A Simple Guide to Five Normal Forms: A 1983 vintage rundown of data normalization. Short, and informal, but understandable, and with a few good illustrative examples. Bonus points for using ASCII art.
Structuring your Python Project: How to organize a Python project into modules that are packaged for easy interpretation by users. It includes a dummy package available via GitHub.
Python Testing with PyTest: a 2017 book by Brian Okken on how to use PyTest effectively. It’s very focused on PyTest in particular, rather than more general testing methodologies, but if you’re working in Python, and want to start testing your code, it’s a good reference.

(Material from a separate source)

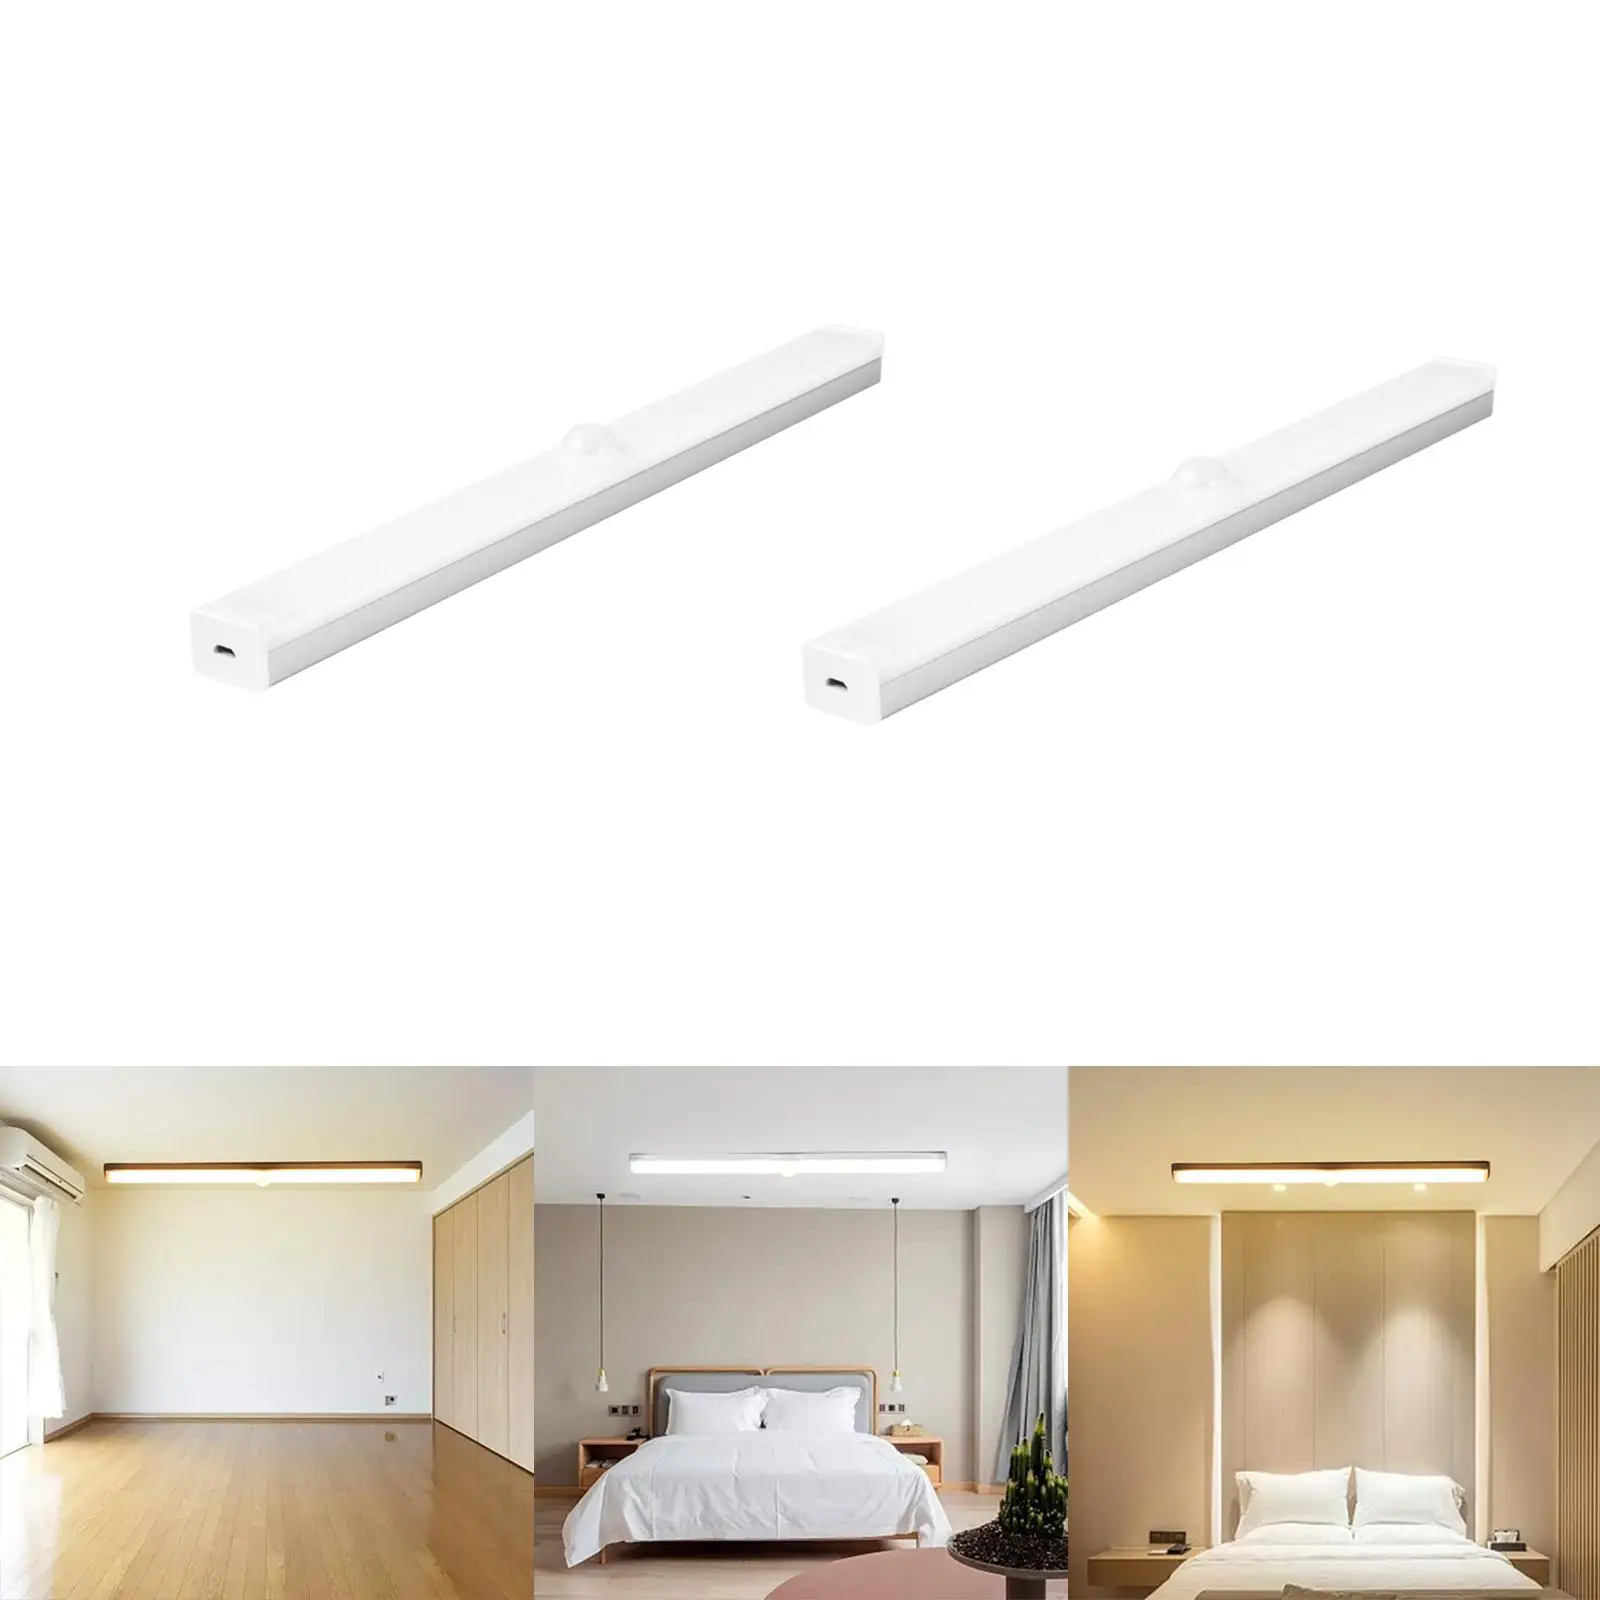 Body Sensor Lights Closet Bedroom Dimming LED Home Under Cabinet Lighting Lights Strip Bar for Display Case Desk Wardrobe Room

Everyone wants to do the model work, not the data work: A paper from Google Research looking at the consequences of undervaluing data curation and preparation in high stakes ML/AI applications. They especially focus on “data cascades” with negative downstream impacts in humanitarian applications of AI, and find a need for dramatically better application of best practices in data preparation, documentation, and curation, if AI is to live up to its promise.

Analysis with Pandas & Dask Dataframes

Method Chaining: a readable, compact way to pass pandas dataframes through many different transformations all at once.
Indexes: Pandas dataframe indices can be complex, but they’re also a powerful way to access and manipulate your data.
Fast Pandas: If you have a dataframe with millions of rows, you need to know what is fast and what is slow.
Tidying Data with Pandas: Tips on how and why to re-shape data appropriately for the analysis at hand. Kind of a simplified Pandas version of database normalization guidelines.
Visualization: How to get a visual window into the data you’re manipulating on the fly.
Time Series: Pandas offers a lot of rich methods for manipulating and analyzing time series… but they can be a challenging to get familiar with up front.
Scaling: How do you work with data that’s too big to hold in your computer’s memory all at once? How can you distribute computationally intensive tasks across a high performance computing cluster? Dask marries pandas to a task graph generator to scale dataframes up to medium sized data science applications (100s of GB), which is perfect for the larger datasets that PUDL is targeting.
How to learn Dask in 2020 is a collection of articles and self-guided tutorials that combine videos with interactive Jupyter notebooks. It works through many of the core concepts of Dask, and was presented at SciPy 2020. If you’re already familiar with NumPy, SciPy, and Pandas, this is still easily a full day of material.